My try is $\frac{\|Ax\|}{\|x\|}\le \lambda,\forall \lambda$ as a not eigenvalue of $A$, and the equality occurs when $\lambda$ is an eigenvalue. So $\lambda$ is maximum? May be I am not even understanding the question.
On
Let $\bf A$ be symmetric and positive semidefinite.
$$ \| {\bf A} \|_2 = \sigma_{\max} ({\bf A}) = \sqrt{\lambda_{\max} \left( {\bf A}^\top {\bf A} \right)} = \sqrt{\lambda_{\max} \left( {\bf A}^2 \right)} = \sqrt{\lambda_{\max}^2 \left( {\bf A} \right)} = \left| \lambda_{\max} \left( {\bf A} \right) \right| = \color{blue}{\lambda_{\max} \left( {\bf A} \right)} $$
On
It is all of the answer first you can prove that for each eigenvalue of positive definite matrix $M$ you have $$ \operatorname{eig}(M^2)=\operatorname{eig}(M)^2.$$ In the other words if $s$ is the eigenvalue of $M$ then $s^2$ is the eigenvalue of $M^2$ since $s$ is the eigenvalue of $M$: $|s\cdot I-M|=0$ now by means of determinant properties we can write |s^2*I-M^2|=|(sI-M)(sI+M)|=|sI-M||sI+M|=0 we proved that s^2 is the eigenvalue of M^2 we now that 2 norm of a matrix M is derived from this equation ||M||=sqrt(max(eig(M'*M))) you should now that your claim is only true for symmetric matrix M so we can write ||M||=sqrt(max(eig(M^2))) according to our proof we can write ||M||=sqrt(max(s^2))) since M is positive definite s is positive now we can write ||M||=max(s)=max(eig(M))
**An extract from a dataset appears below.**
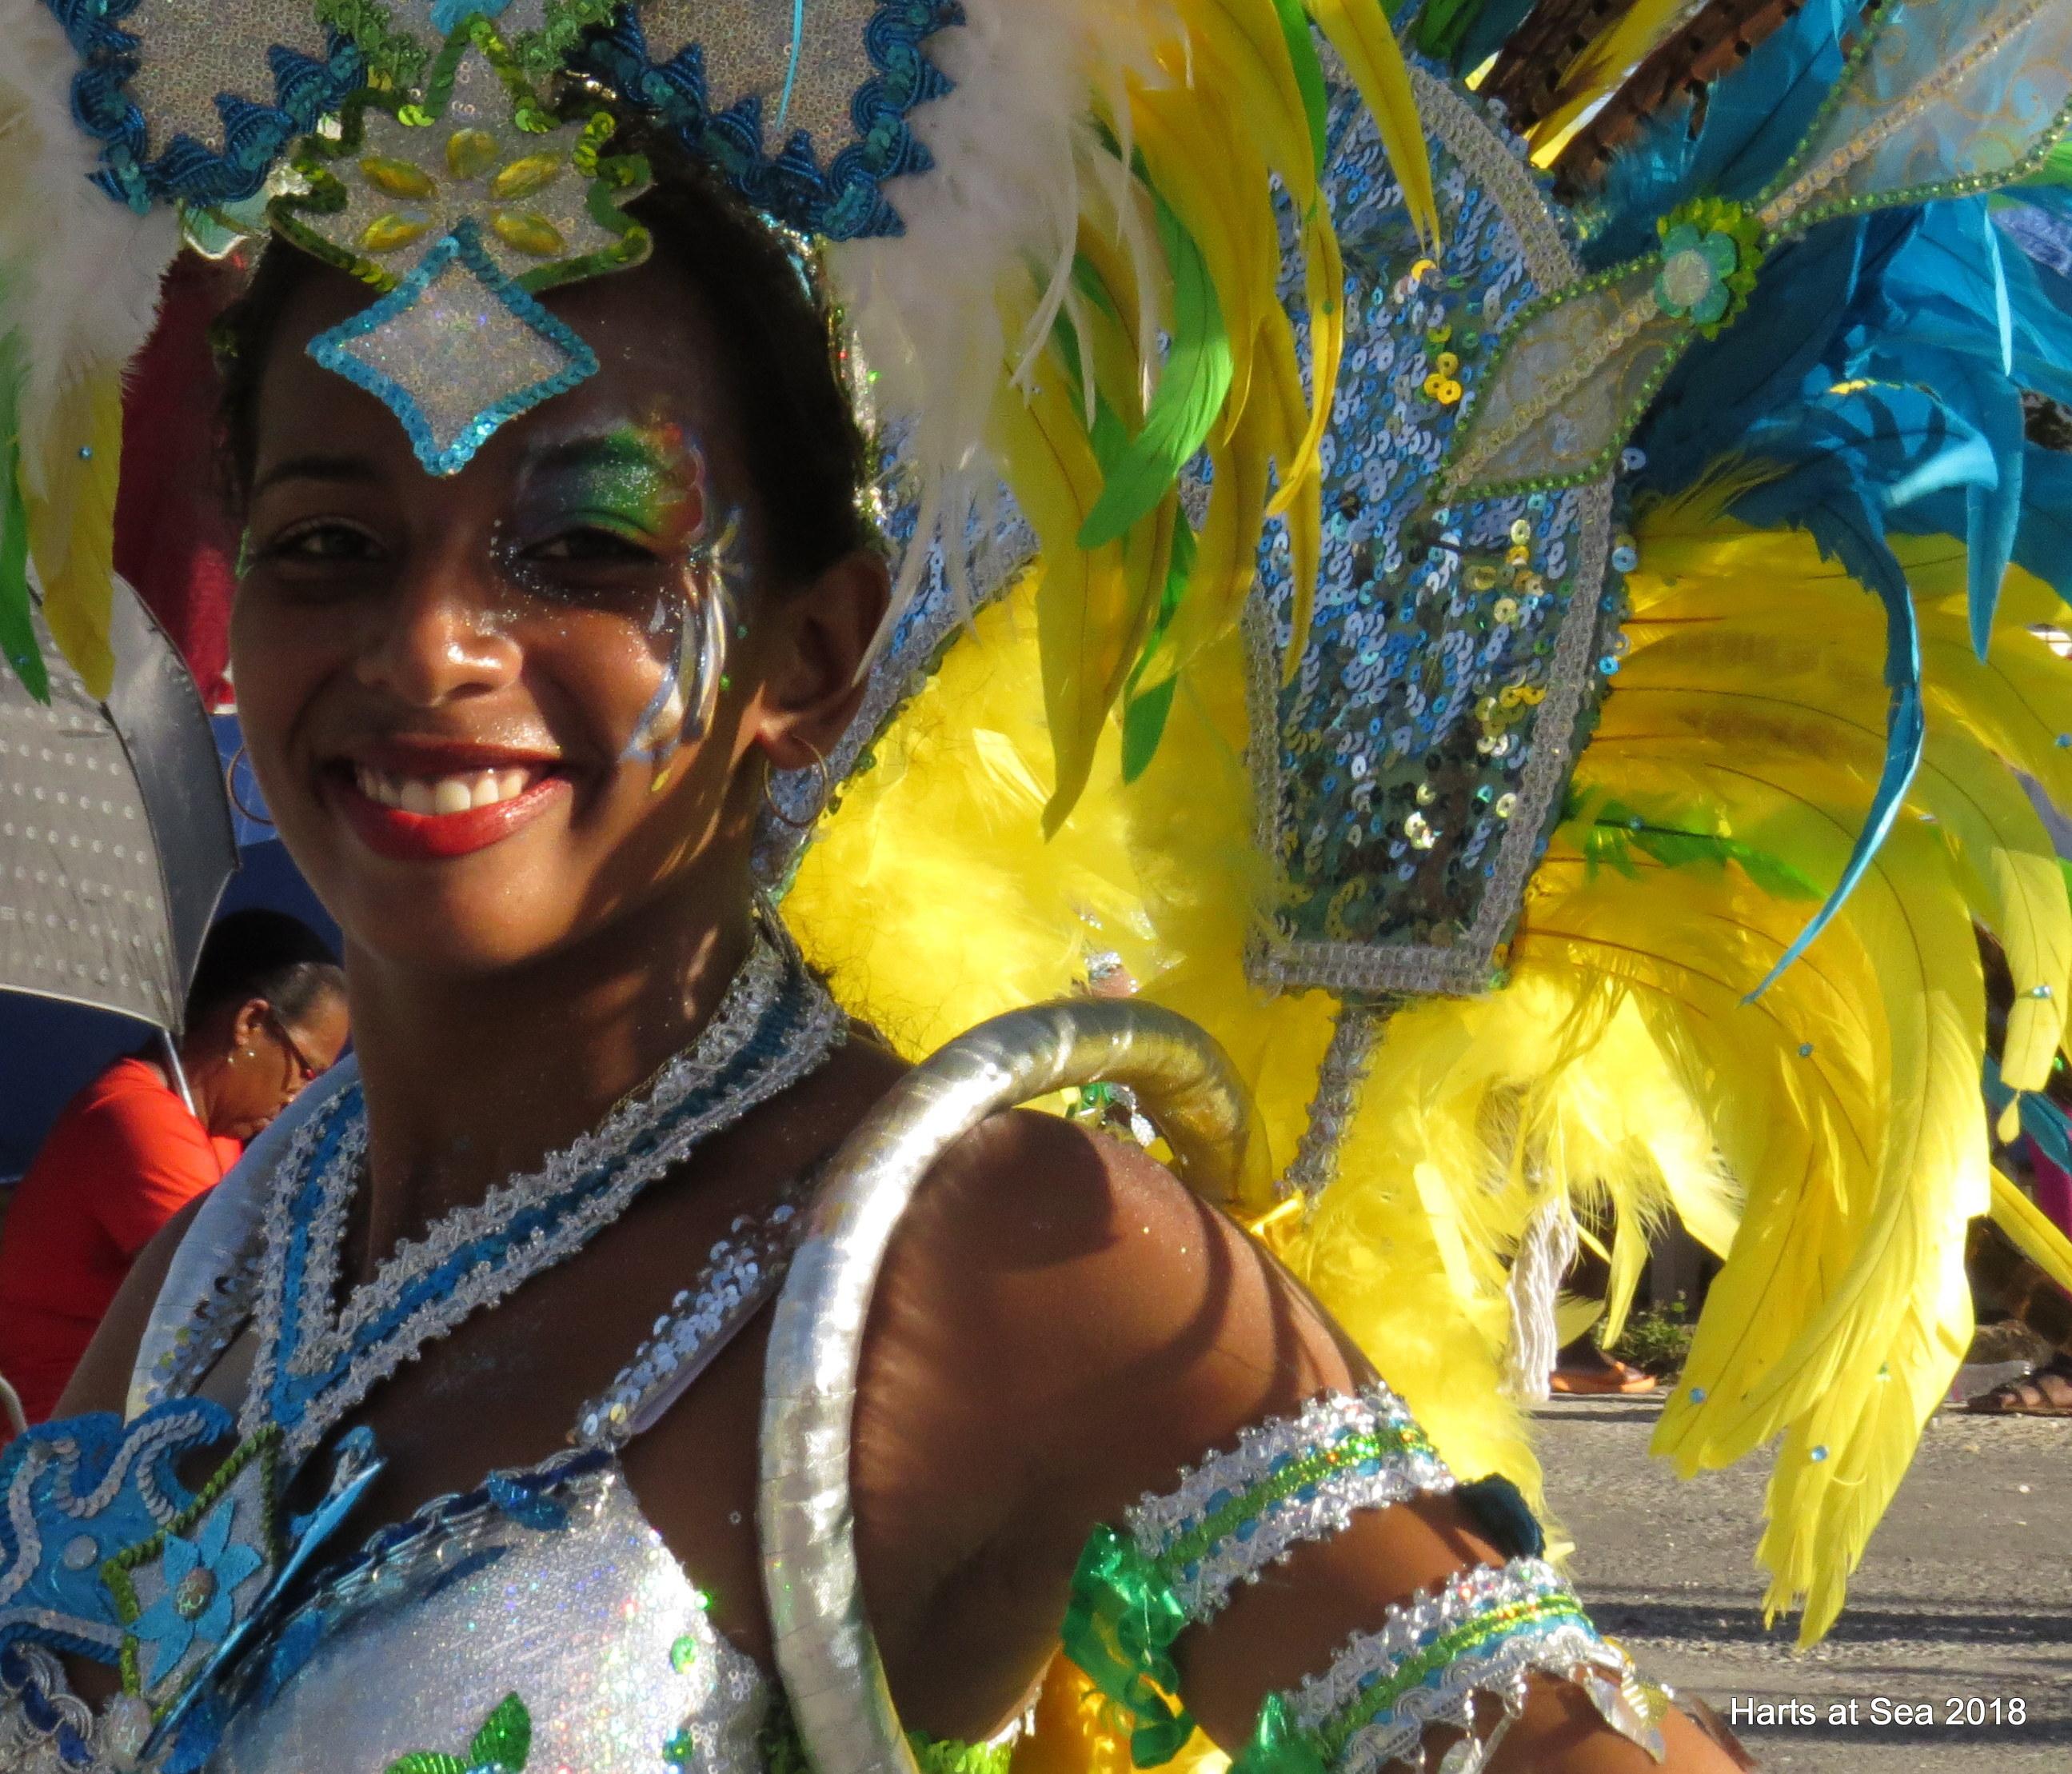 Mardi Gras and Caribbean Carnivals

By the spectral theorem, there is an orthonormal basis of eigenvectors of $A$, say $x_1,\dots,x_n$. WLOG, assume $0 < \lambda_1 \leq \dots \leq \lambda_n$, where $Ax_i = \lambda_i x_i$. For any non-zero $x$, write $x = c_1x_1 + \cdots + c_nx_n$. Then $$ \frac{\lVert{Ax\rVert}^2}{\lVert{x\rVert}^2} = \frac{\lVert{c_1\lambda_1x_1 + \cdots + c_n\lambda_nx_n\rVert}^2}{c_1^2 + \cdots + c_n^2} = \frac{c_1^2\lambda_1^2 + \cdots + c_n^2\lambda_n^2}{c_1^2 + \cdots + c_n^2} \leq \lambda_n^2 \frac{c_1^2 + \cdots + c_n^2}{c_1^2 + \cdots + c_n^2} = \lambda_n^2,$$ with equality achieved when $x = x_n$ (whence $\lVert{Ax\rVert}=\lVert{\lambda_n x_n\rVert}=\lambda_n$). You may wish to read about Rayleigh quotients or see Problem 37 in Brezis.